= Arthur Kreinheder =

Father Arthur Carl Kreinheder, C.S.C. (October 1, 1905 – October 13, 1989) was an American Lutheran Benedictine monk and founder of a Lutheran religious order, The Congregation of the Servants of Christ.

==Biography==
Kreinheder was born in Saint Paul, Minnesota. His father, Oscar Carl Kreinheder (1877-1946), was a pastor of the Lutheran Church–Missouri Synod and the president of Valparaiso University from 1930 to 1939.

After a successful career as a businessman, Arthur Carl Kreinheder went 1950 to study theology at Lund University in Sweden, living in St. Laurence Foundation. Already before he had been in touch with Taizé Community in formation. Briefly, in 1955, he became a novice in the Taize Community.

Kreinheder was ordained to the priesthood in 1956 in Lund by Bishop Anders Nygren and Bishop Gustaf Aulen "for ecumenical work in the United States among Lutherans."

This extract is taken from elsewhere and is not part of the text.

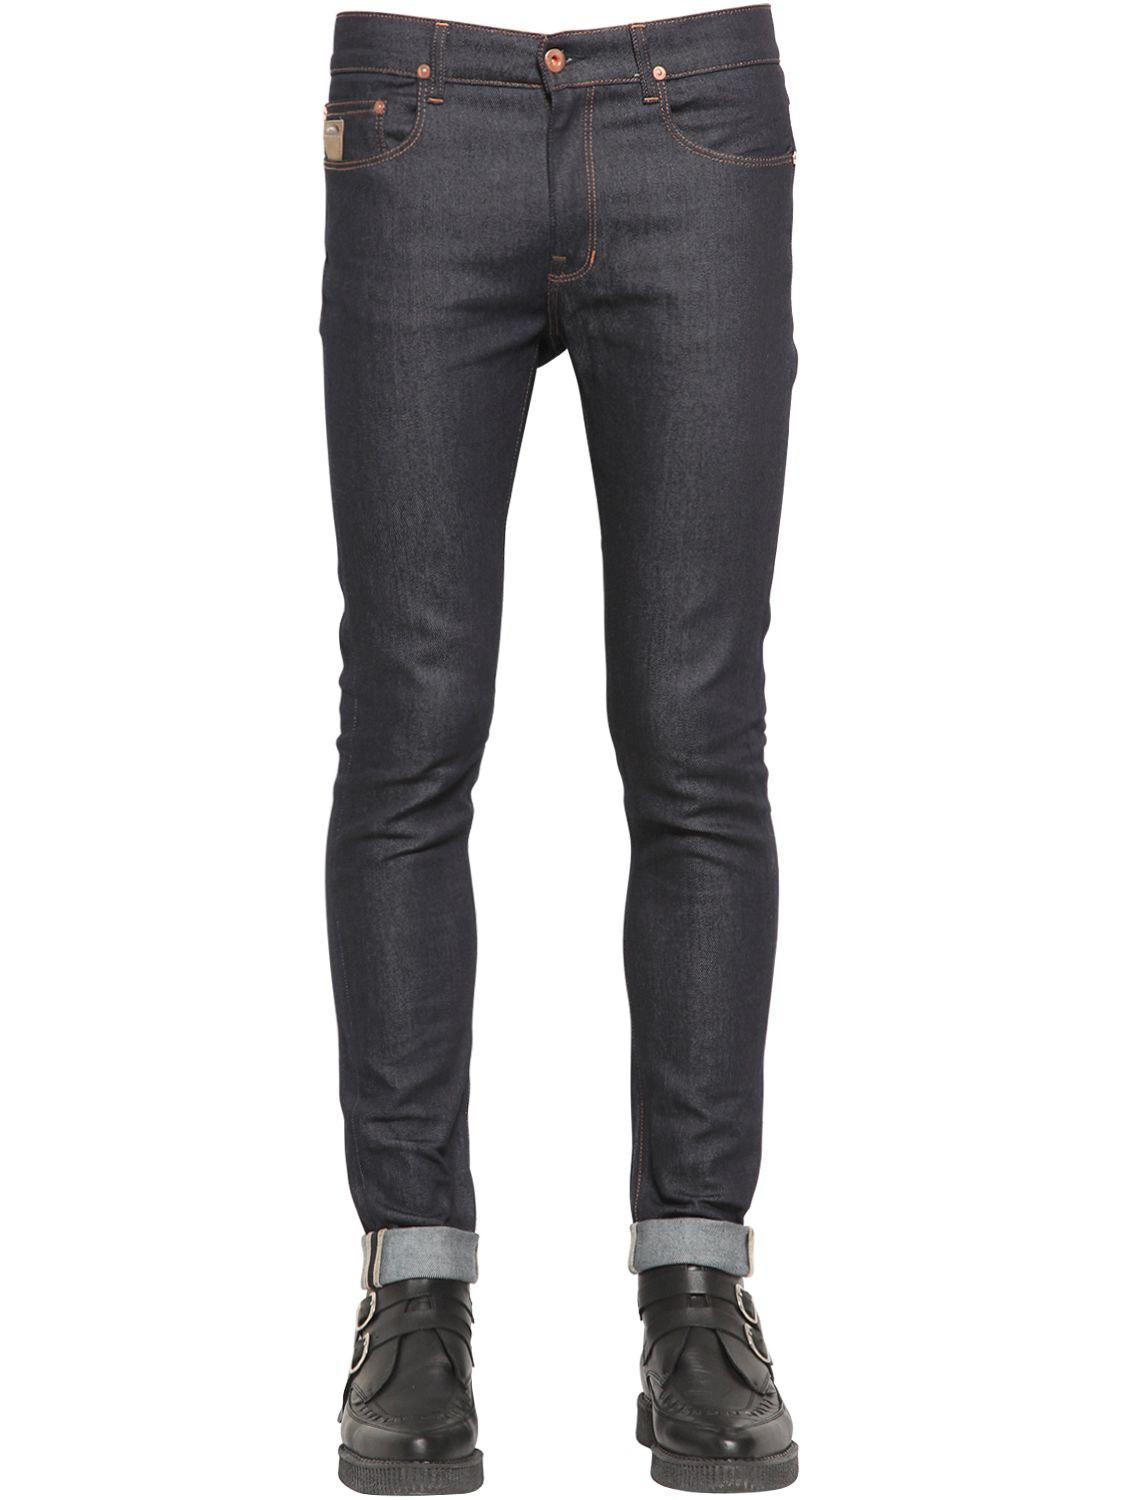 April77 16cm Joey New Overdrive Denim Jeans in Blue for Men - Lyst

The Congregation of the Servants of Christ, a Lutheran monastery in the Benedictine tradition, was established at St. Augustine's House in 1958 when some other men joined Father Arthur in observing the monastic life and offices of prayer. Through father Arthur there was right in the beginning a connection with Östanbäck Monastery in Sweden after its foundation.

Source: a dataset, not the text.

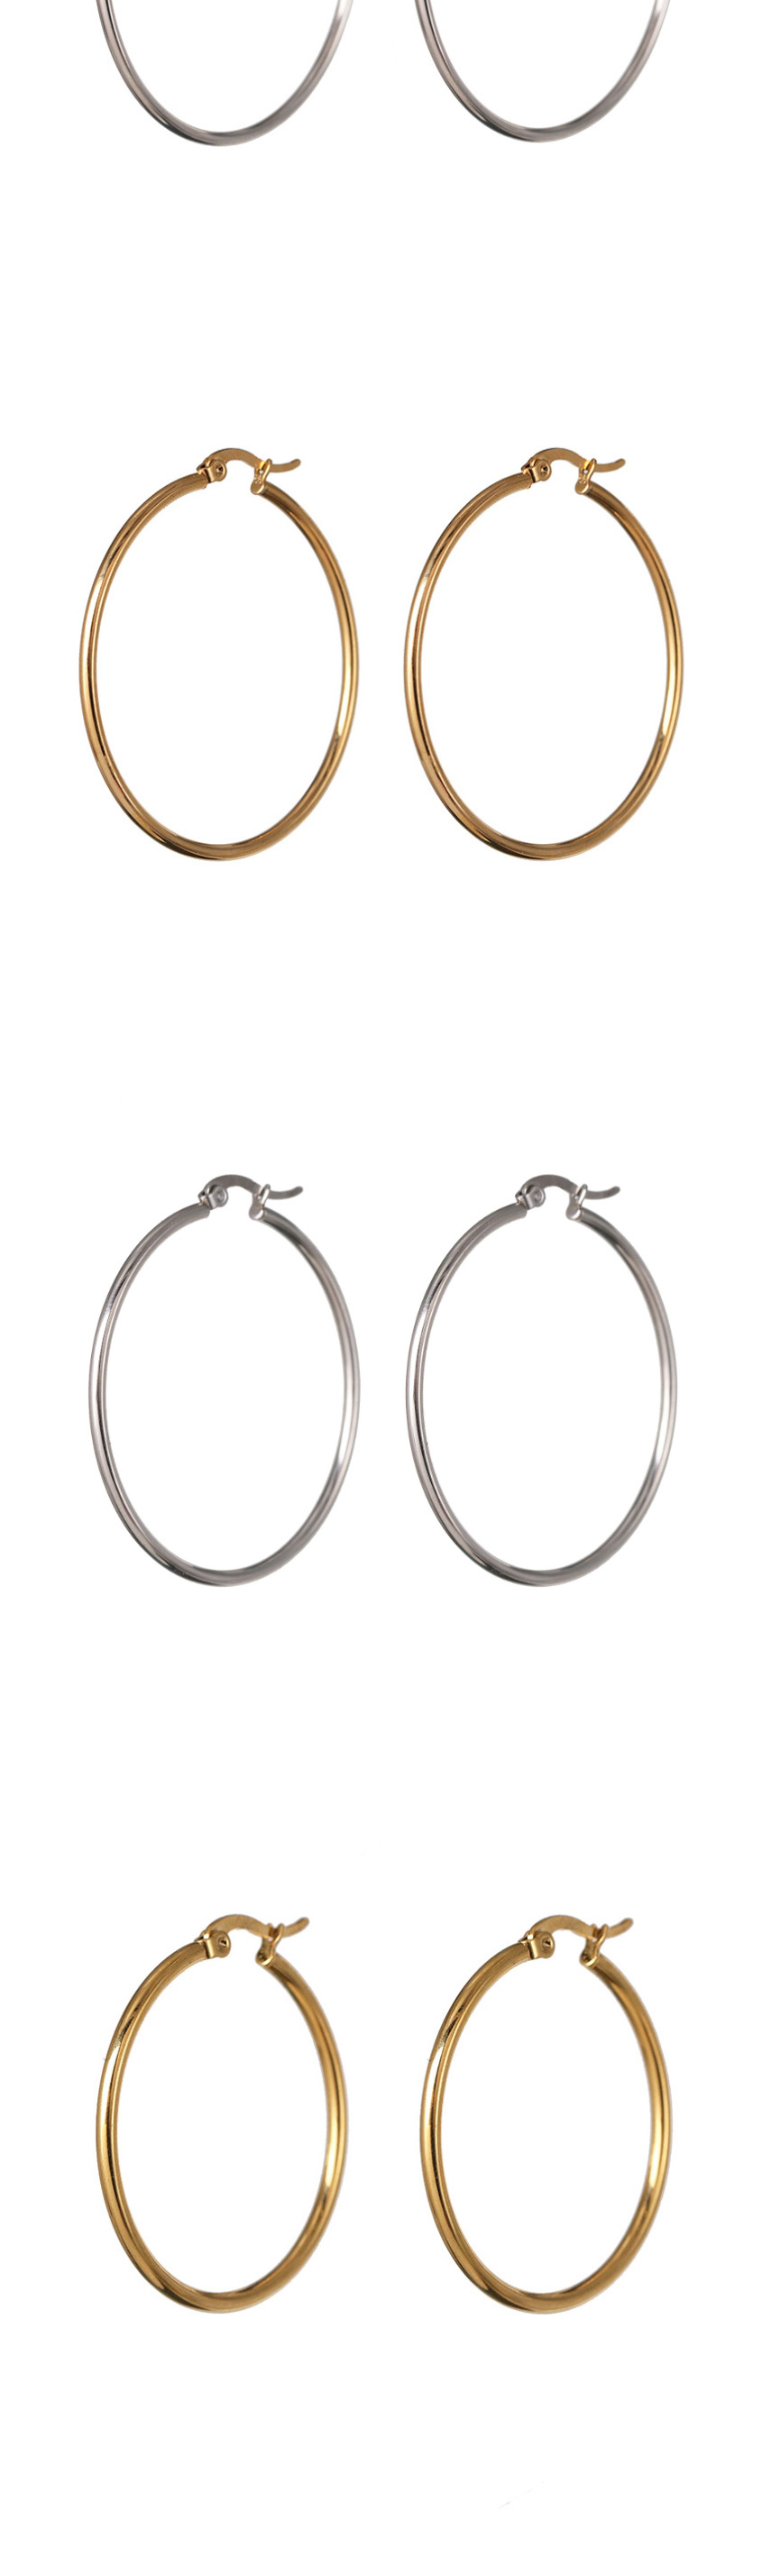 Fashion 7cm Silver Circle Earrings,Hoop Earrings

Father Arthur was involved in Christian ecumenism and he was the U.S. secretary of the League for Evangelical-Catholic Reunion.

At the age of 84 Father Arthur Carl Kreinheder died (on Friday, October 13, 1989) in a Pontiac, Michigan, hospital. He had never recovered fully form a stroke suffered in the preceding July. He is buried in the cemetery at St. Augustine's House.